Out of work and branded with shame, Dr. Ebong slipped into poverty. Left jobless, he could barely feed his family or pay for medical care. In October 2020, doctors diagnosed him with cardiac failure. He was dying until his ordeal caught the attention of billionaire philanthropist Femi Otedola.

Mr. Otedola stepped in and paid for treatment at a private facility in Uyo, giving Ebong a second chance. He recovered and came out to thank all those who supported him. But it was just for a while. The scars of injustice do not heal with pills.

By February 2025, he had relapsed. His swollen feet raised concerns about possible kidney failure. His doctor referred him to UUTH, where he was admitted in March.

Days before his death, he called a reporter from his sickbed and said, “I have stayed here too long. It’s as if I am in prison. I want to go home.” It was a quiet cry for dignity from a man the system had abandoned.

A Community Mourns, A System Stands Unchanged

His death has sent ripples through Nigeria’s academic and human rights communities. Lawyer and activist Inibehe Effiong, who had advocated passionately for his reinstatement, was gutted by the news. “This breaks my heart,” he wrote on Facebook.

For more than two decades, five successive vice-chancellors at the University of Uyo inherited the injustice meted out to Mr. Ebong. Yet, not one summoned the moral courage to correct it.

Ironically, the same university continues to celebrate Professor Akpan Ekpo, under whose watch the injustice began, even when he could not tolerate criticism when a colleague called out his alleged wrongdoing.
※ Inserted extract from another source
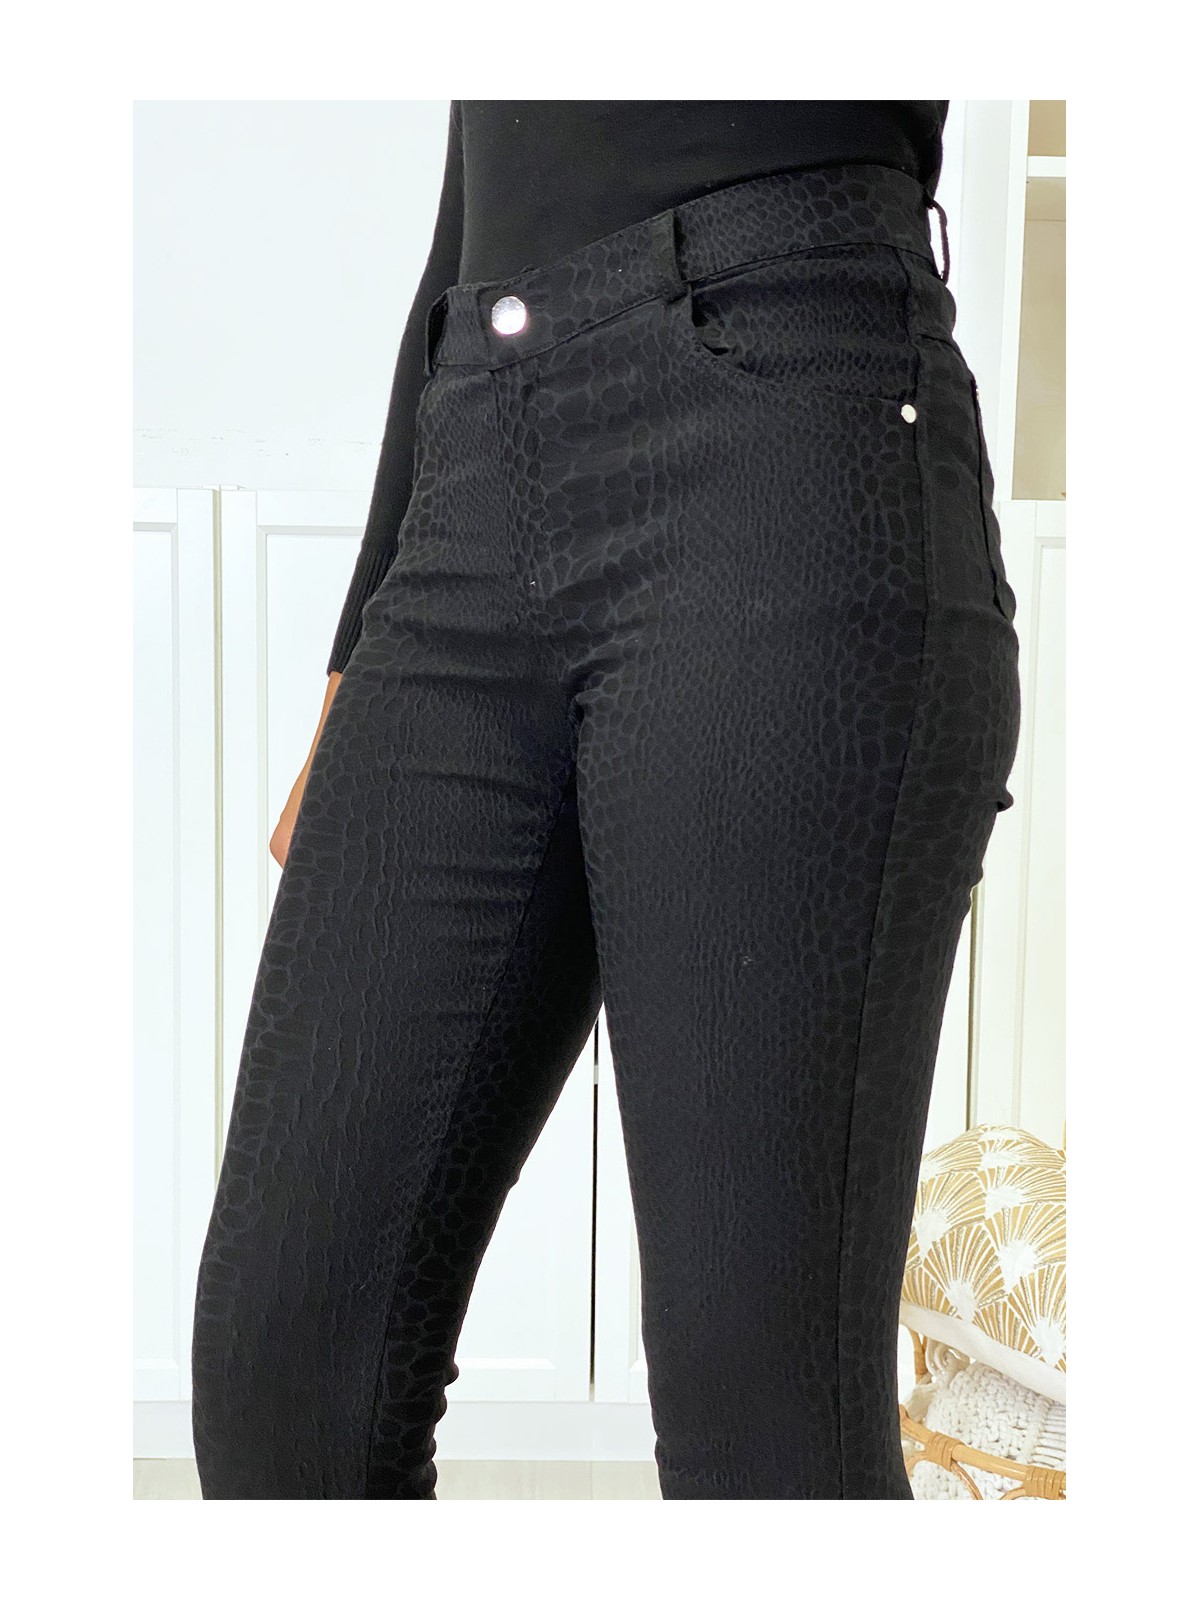 Pantalon slim noir motif python avec 5 poches - 5

It is easy to say he died of heart failure. But that is only part of the truth. Professor Inih Ebong died because the system killed him. It was slowly, cruelly, and publicly. In life, he was denied justice, but in death, he deserves not just remembrance but accountability too.

Another former Uniuyo student, Ubong Nelson on Facebook wrote,

“THEY FINALLY KILLED INNIH EBONG

“The story about educational institutions turning to political tools abound.

“Innih Ebong was an independent minded college professor. I remember. Theater Arts. They come different. But very brilliant.

“By the time the regime of Prof. Akpan Ekpo hounded him out of UNIUYO, he was actually one of the best academic around.

“After the forced expulsion, the victim took to the law courts. Interestingly, well meaning Nigerians supported his cause. He won at the courts and finally at the Industrial Court.

“One of the VCs who refused to pay his outstanding emoluments is Professor Essien, a SAN. You see the hearts of men?

“Yesterday, Innih Ebong lost the battle to live and will the administrators of UNIUYO clink their glasses in victory, or ..? Who’s next?”

The University of Uyo did not respond to multiple requests for comment at the time of publication.